[TASK GOAL] Copy each line of the records below that mentions the word "Sale".

Source records

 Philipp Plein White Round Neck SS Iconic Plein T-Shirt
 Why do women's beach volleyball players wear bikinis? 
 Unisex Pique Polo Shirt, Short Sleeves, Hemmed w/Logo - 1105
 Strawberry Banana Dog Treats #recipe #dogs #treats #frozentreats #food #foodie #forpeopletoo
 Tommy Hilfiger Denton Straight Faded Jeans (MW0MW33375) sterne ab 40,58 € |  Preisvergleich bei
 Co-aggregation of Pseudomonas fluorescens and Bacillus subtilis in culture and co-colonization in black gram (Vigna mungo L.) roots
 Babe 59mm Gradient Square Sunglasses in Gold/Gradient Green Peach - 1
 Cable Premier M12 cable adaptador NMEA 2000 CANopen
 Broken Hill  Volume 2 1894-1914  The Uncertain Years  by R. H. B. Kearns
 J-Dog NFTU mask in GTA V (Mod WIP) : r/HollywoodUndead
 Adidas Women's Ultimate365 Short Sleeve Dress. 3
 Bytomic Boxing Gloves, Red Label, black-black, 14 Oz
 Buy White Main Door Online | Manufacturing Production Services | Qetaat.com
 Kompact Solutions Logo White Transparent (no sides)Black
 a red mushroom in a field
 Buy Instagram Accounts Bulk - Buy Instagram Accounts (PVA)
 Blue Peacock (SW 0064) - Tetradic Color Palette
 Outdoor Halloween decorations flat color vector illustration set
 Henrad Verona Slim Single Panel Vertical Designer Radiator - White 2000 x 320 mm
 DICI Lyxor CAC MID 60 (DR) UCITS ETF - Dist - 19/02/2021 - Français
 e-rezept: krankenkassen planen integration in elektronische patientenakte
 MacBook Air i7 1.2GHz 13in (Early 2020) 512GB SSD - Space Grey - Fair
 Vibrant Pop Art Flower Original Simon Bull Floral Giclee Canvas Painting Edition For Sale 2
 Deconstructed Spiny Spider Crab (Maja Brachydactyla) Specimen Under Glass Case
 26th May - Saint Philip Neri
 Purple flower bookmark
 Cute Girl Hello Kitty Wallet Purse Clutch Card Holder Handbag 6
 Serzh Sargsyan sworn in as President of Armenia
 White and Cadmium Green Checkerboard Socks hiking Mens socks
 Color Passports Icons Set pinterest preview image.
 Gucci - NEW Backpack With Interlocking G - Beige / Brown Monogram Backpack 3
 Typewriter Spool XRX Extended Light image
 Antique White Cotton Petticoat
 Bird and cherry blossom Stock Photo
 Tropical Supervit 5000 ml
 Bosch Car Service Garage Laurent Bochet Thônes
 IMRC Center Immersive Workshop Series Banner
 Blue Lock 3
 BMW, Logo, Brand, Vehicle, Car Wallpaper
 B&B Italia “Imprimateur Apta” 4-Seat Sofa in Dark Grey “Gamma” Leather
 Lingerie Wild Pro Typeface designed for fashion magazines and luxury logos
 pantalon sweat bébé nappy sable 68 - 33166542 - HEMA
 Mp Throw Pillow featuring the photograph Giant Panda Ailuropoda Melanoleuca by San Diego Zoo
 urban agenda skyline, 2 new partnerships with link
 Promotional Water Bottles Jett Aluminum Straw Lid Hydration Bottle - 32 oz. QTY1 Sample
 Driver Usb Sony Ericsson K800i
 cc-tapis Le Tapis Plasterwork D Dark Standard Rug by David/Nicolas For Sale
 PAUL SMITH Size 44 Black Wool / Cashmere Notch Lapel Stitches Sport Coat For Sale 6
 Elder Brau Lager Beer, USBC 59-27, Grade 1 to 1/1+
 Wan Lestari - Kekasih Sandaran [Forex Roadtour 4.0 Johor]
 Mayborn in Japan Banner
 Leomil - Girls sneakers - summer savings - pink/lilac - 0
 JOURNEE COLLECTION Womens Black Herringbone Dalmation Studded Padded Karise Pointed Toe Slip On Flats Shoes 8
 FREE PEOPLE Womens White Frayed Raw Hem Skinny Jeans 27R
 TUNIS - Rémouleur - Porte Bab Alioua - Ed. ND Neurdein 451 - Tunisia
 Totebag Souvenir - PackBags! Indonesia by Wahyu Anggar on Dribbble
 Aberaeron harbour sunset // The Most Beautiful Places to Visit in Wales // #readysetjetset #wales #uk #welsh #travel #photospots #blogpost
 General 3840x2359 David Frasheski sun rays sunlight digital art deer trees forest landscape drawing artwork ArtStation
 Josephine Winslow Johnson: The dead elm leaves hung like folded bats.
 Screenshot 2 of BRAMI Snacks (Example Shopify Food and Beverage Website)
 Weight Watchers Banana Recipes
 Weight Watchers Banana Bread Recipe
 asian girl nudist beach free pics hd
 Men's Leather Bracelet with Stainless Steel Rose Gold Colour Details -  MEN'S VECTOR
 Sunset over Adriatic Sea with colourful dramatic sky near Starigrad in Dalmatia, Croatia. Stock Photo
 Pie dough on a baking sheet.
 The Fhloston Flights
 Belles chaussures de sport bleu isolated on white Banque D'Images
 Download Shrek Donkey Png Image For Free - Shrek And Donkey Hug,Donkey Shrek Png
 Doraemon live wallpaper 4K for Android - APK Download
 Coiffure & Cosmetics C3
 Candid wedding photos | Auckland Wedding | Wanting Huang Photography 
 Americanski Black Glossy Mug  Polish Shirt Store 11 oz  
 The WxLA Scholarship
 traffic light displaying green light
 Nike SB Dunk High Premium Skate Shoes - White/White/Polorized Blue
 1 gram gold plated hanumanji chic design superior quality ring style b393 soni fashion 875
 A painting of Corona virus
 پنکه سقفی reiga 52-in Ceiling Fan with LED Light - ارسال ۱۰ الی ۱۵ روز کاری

[SOLVED PROBLEM]
 Vibrant Pop Art Flower Original Simon Bull Floral Giclee Canvas Painting Edition For Sale 2
 cc-tapis Le Tapis Plasterwork D Dark Standard Rug by David/Nicolas For Sale
 PAUL SMITH Size 44 Black Wool / Cashmere Notch Lapel Stitches Sport Coat For Sale 6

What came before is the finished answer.